【調和の霊感】を終えて(2)


 去年の8月に音楽活動の廃業を決めたものの、では何をやっていこうと決まっていた訳ではない。どうしようかと悶々と考える毎日を送った。いろいろと選択肢もあったが、結局居酒屋を始める事にした。なぜ居酒屋なのか?と周囲からは異口同音に訊かれたが、その都度適当に答えたような気がする。何十年もやって来た事を辞める決断をして、何日も悶々と考えてきた事を、親友でもない者に一言二言で語れるものではない。親友だったら情緒的になりもっとめんどくさい。家内には8月に「音楽を辞める」と言い、9月に「居酒屋をする」と言ったきりだ。それ以降家内は何も訊かないし何も言わないで、それを受け止めてくれている。本当に感謝だ。居酒屋に転身したキーワードは、食の興味、酒の趣味、音楽の限界、歳をとっていく母親、歳をとっていく私たち、などなど。それから居抜き物件を探してもらって11月初旬に開店するまでは、本当に慌しく忙しく、心は不安でいっぱいだった。開店すると今度は忙殺という言葉がぴったりなくらいの生活だった。その様子をこのブログに載せたりしていた。だがお客さんの事はプライバシーになるので書きたくなかったし、忙しい割にはやっている事は単調だったので、ブログは今年になって音楽ミステリー小説として載せる事にしたのだった。それが【調和の霊感】だった。サボり気味の私のブログが、【調和の霊感】によって日曜日以外のほぼ毎日連載できた。

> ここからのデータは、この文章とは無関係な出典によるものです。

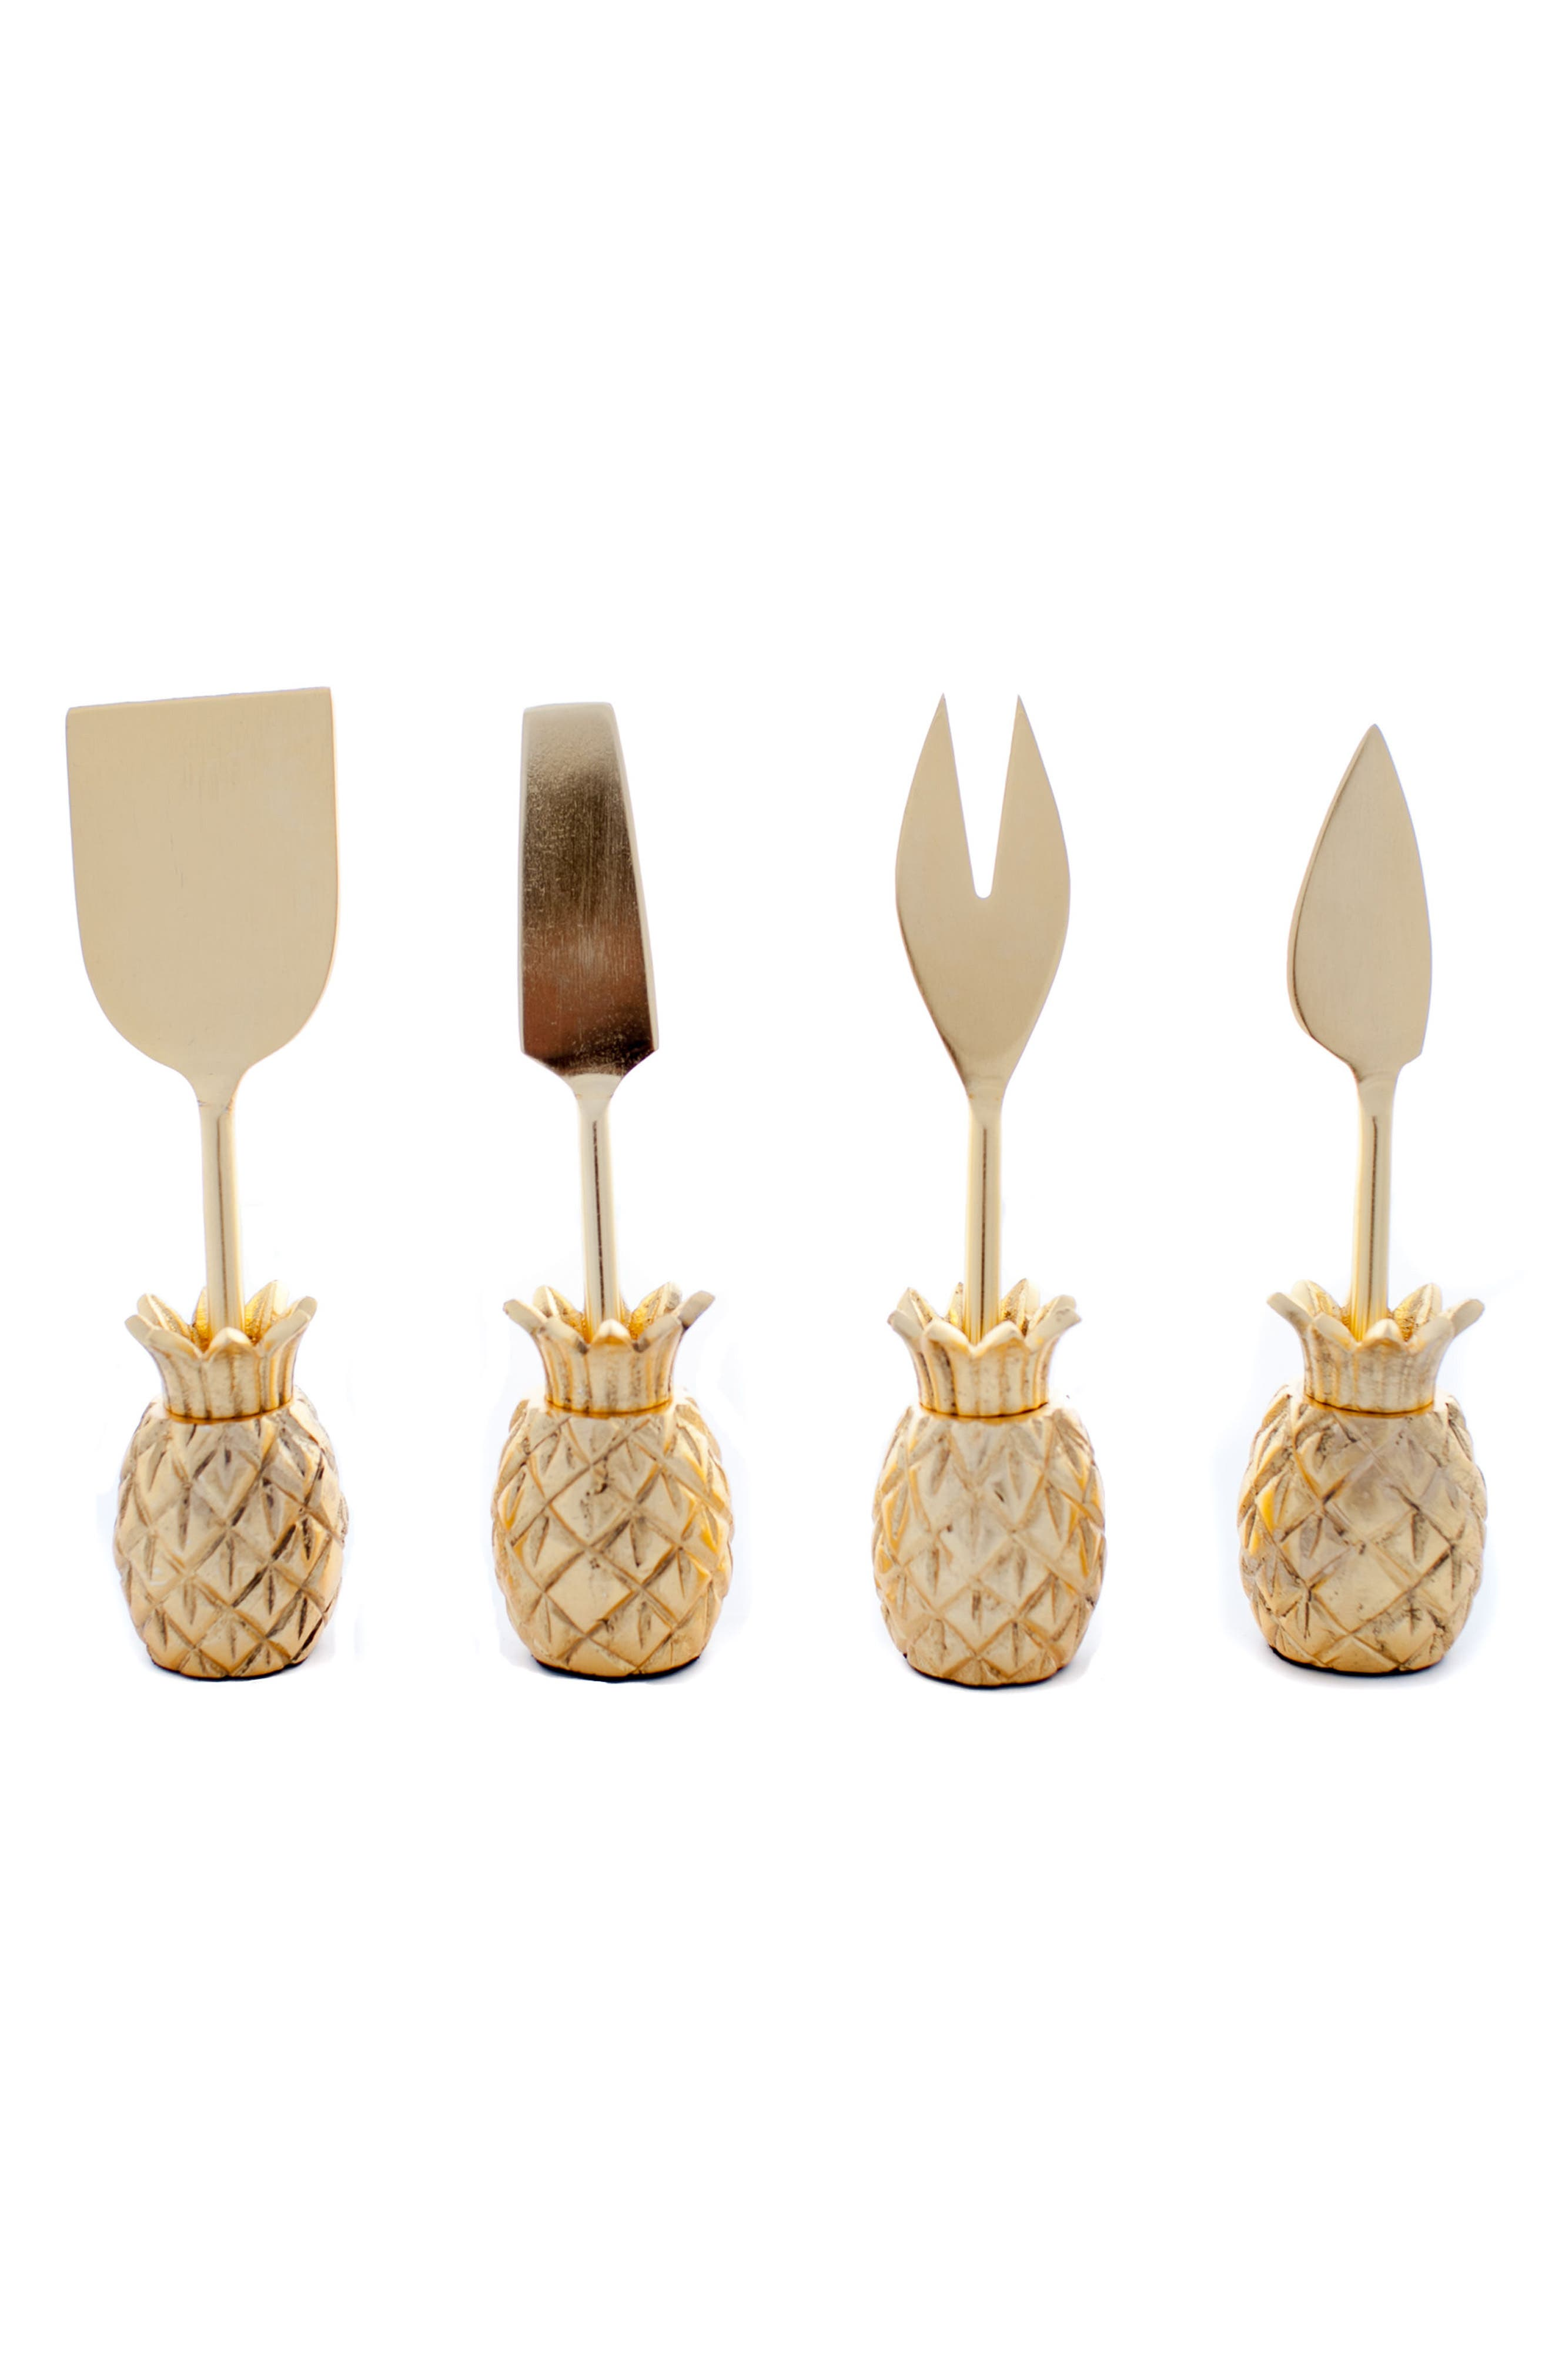 Luau Set of 4 Cheese Knives,                             Main thumbnail 1, color,                             Gold

しかも原稿を読み返しながら、多くの補筆、校正しながらの楽しい作業だった。主人公アンナにキャラやパオラが絡む。アンナとキャラは私の中で何人かのキャラクターを重ねてつくった。パオラとアントネッラは私がイタリアの講習会へ参加した時、仲良くなった女友達の名前も性格もそのままだった。だから書き直していて本当に楽しかった。大型犬デンもルナピンスキーそのままだった。文芸賞に投稿した時は蛇足だと思い削除した、アンナとデンがバチカンとローマで過ごす部分も初稿を引っ張り出して載せた。そうなのだ。今年になって、買い出しをして、ブログを書いて、お店で準備してお客さんを待つという生活リズムが私の中で定着しつつあった。と、言いたい(書きたい)ところだが世の中はそんなに甘いものではなかった。